These shrimp are a type of freshwater shrimp that can grow to be up to 6 inches long. They’re also known as “palm shrimp” due to their size. They’re native to the hard water streams of Japan and are not generally found in most other parts of the world.
They’re also among the most popular shrimp species due to their striking appearance. In this article, we’ll explore some of the best ways you can take care of your Amano Shrimp for it to live a long and healthy life in your home aquarium.
What are they?
As mentioned earlier, this critter is a type of freshwater shrimp that can grow to be up to 6 inches long. They’re also known as “palm shrimp” due to their size. They have limited eyesight which helps them hide from predators, particularly larger fish. The coloration of the shrimps tends towards shades of grey with black highlights.
The colors are different depending on the type of shrimp you choose to keep in your tank but the Amano Shrimp has pincers on their front legs, perfect for gripping food and other small items that they can place into their mouths using their other two smaller front legs which are also used to walk along the substrate. They were named after Takashi Amano, a pioneer in aquascaping.
Maintenance Tips For Your Shrimp Tank
When keeping Amano in your tank, the most important thing to remember is that they love a natural environment. You will have to create a natural-looking biotope for them by using rocks, plants, and driftwood.
This way, you can keep your shrimp happy and healthy. The water also needs to be maintained at a pH between 6.5 and 8. The hardness should be at least 4 dH, but not exceed 7-8 DH. Dissolved oxygen must also remain above 50% of saturation levels after aeration has occurred for around 24 hours.
Toxic Fish And Shrimp Don’t Mix!
One thing you’ll need to keep in mind is that the Amano are very sensitive to their environment. So before getting one, make sure you are familiar with the basic terrain maintenance they can live in. Naivety in keeping them can result in losing your pet shrimp in no time, so you must purchase the right fish for your tank.
Avoid keeping any fish together with your shrimp if they’re harmful to shrimps, particularly Dojo Loaches (which love to eat shrimp), as well as Tiger Barbs.
You also should not include any bottom-feeding fish or those that come from the same region as your shrimp, as they may try to compete for food with them.
Cleaning Your Shrimp Tank Is A Must!
You should clean your tank weekly so that toxic chemicals don’t accumulate and affect the health of your shrimp.
Everything in the tank must be taken out during cleaning, even plants and rocks so you can scrub everything down to remove any leftover food bits stuck onto surfaces or plants.
Rinse off all substrate materials before replacing them in the tank. Always remember to replace the water in the aquarium using a dechlorinating solution instead of just topping up with tap water.
Your shrimp could be at risk of having their shell damaged or broken when you’re cleaning the tank.
Do it with care so as not to damage your shrimp. It can also happen if they’re handled by children or pets without proper supervision, so watch over them when they’re playing around in the water or moving rocks and driftwood around.
An added blessing
The benefits of owning an aquarium with these little beings in it are numerous. Not only can you add a beautiful and mysterious touch to your décor, but these shrimp are also low maintenance and easy to care for.
They’re active swimmers that will provide hours of entertainment for you while they zip around the tank looking for food. If you have trouble locating Amano in stores near you, many online retailers sell them.
Health and maintenance challenges
There are a few potential risks that these pets can face in regards to their health. The food may contain bacteria or other pathogens that can make your shrimp sick if they consume it. Another risk is the water becoming too hard for them to tolerate.
Usually, this occurs when there’s an imbalance of electrolytes in the water, or when you have two different types of ammonia-based compounds in the tank. These could change the pH and other chemicals in a way that isn’t allowed by their biology and cause stress on them, leading to illness or death.

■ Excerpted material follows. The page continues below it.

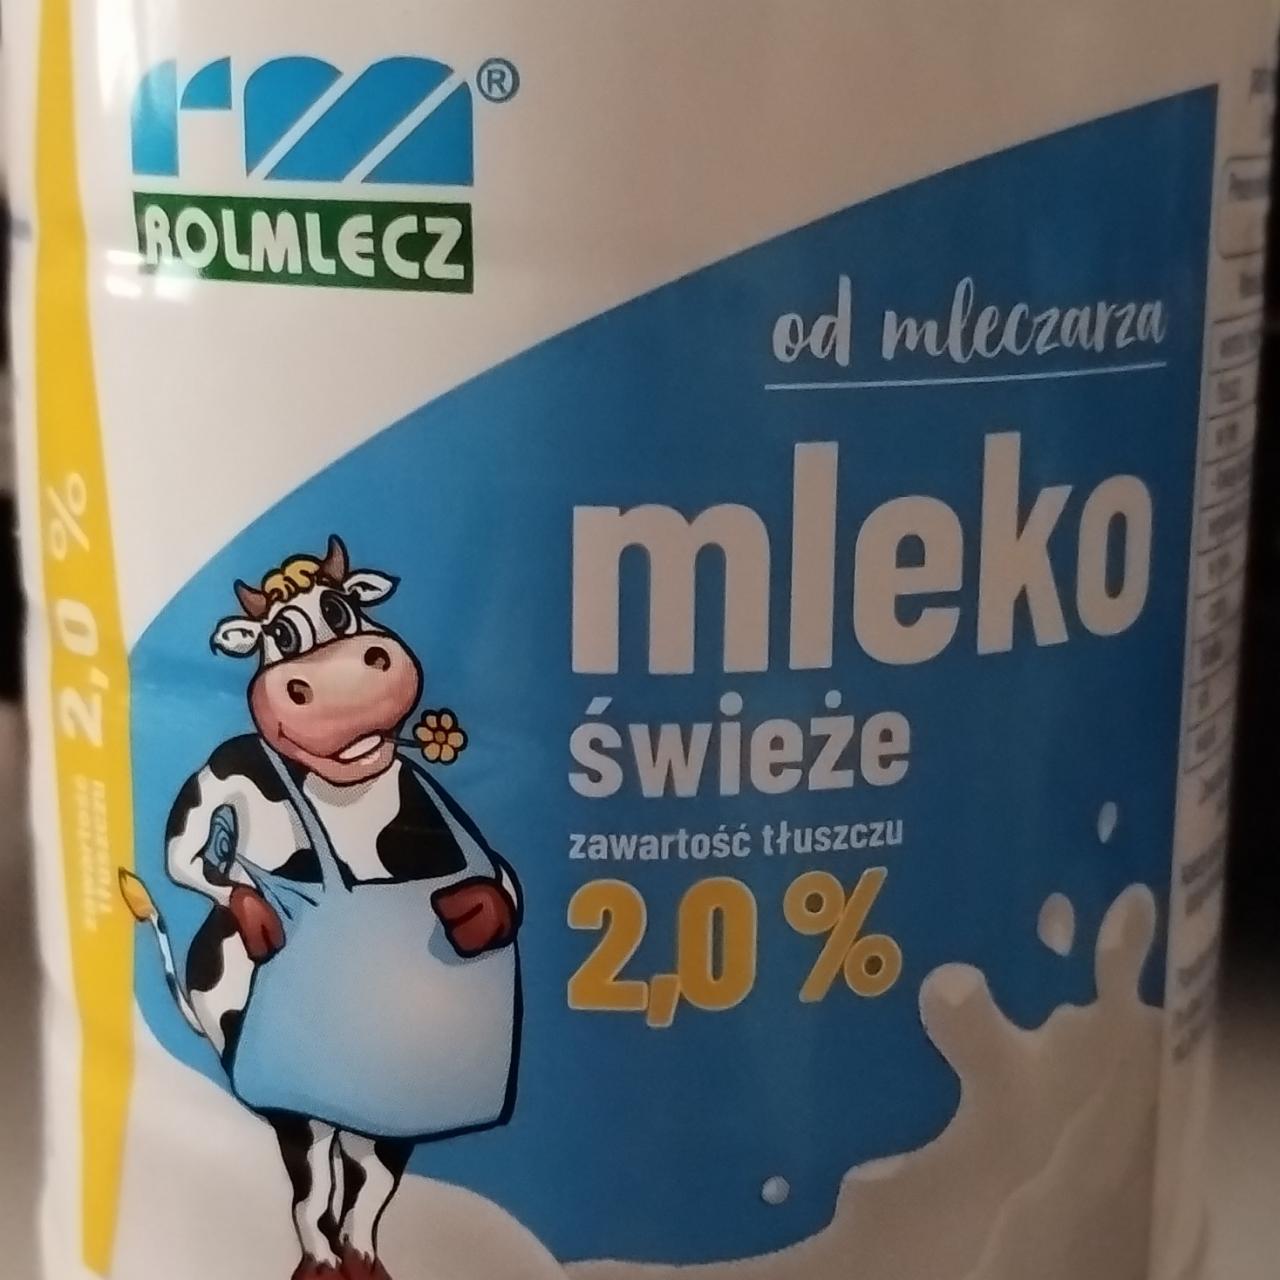 Zdjęcia - Mleko świeże 2,0% Rolmlecz

The final thing to consider here is what type of food you should feed your Amano Shrimp. When keeping them in tanks, you need to provide them with a diet containing spirulina algae (which is rich in carotene), along with chlorella (which contains nitrates). You shouldn’t feed them any other type of food besides the one you provide or else they may get sick and die due to malnutrition.
When it comes to the proper care, you must do your research to ensure they’re safe in your home. This means not introducing any fish into their personal space that would like to eat them for dinner!
It also takes a lot of patience and time to take care of these shrimp so be sure you have both if you plan on having them in your tank. If you do, however, then they’ll reward you with hours and hours of entertainment and enjoyment!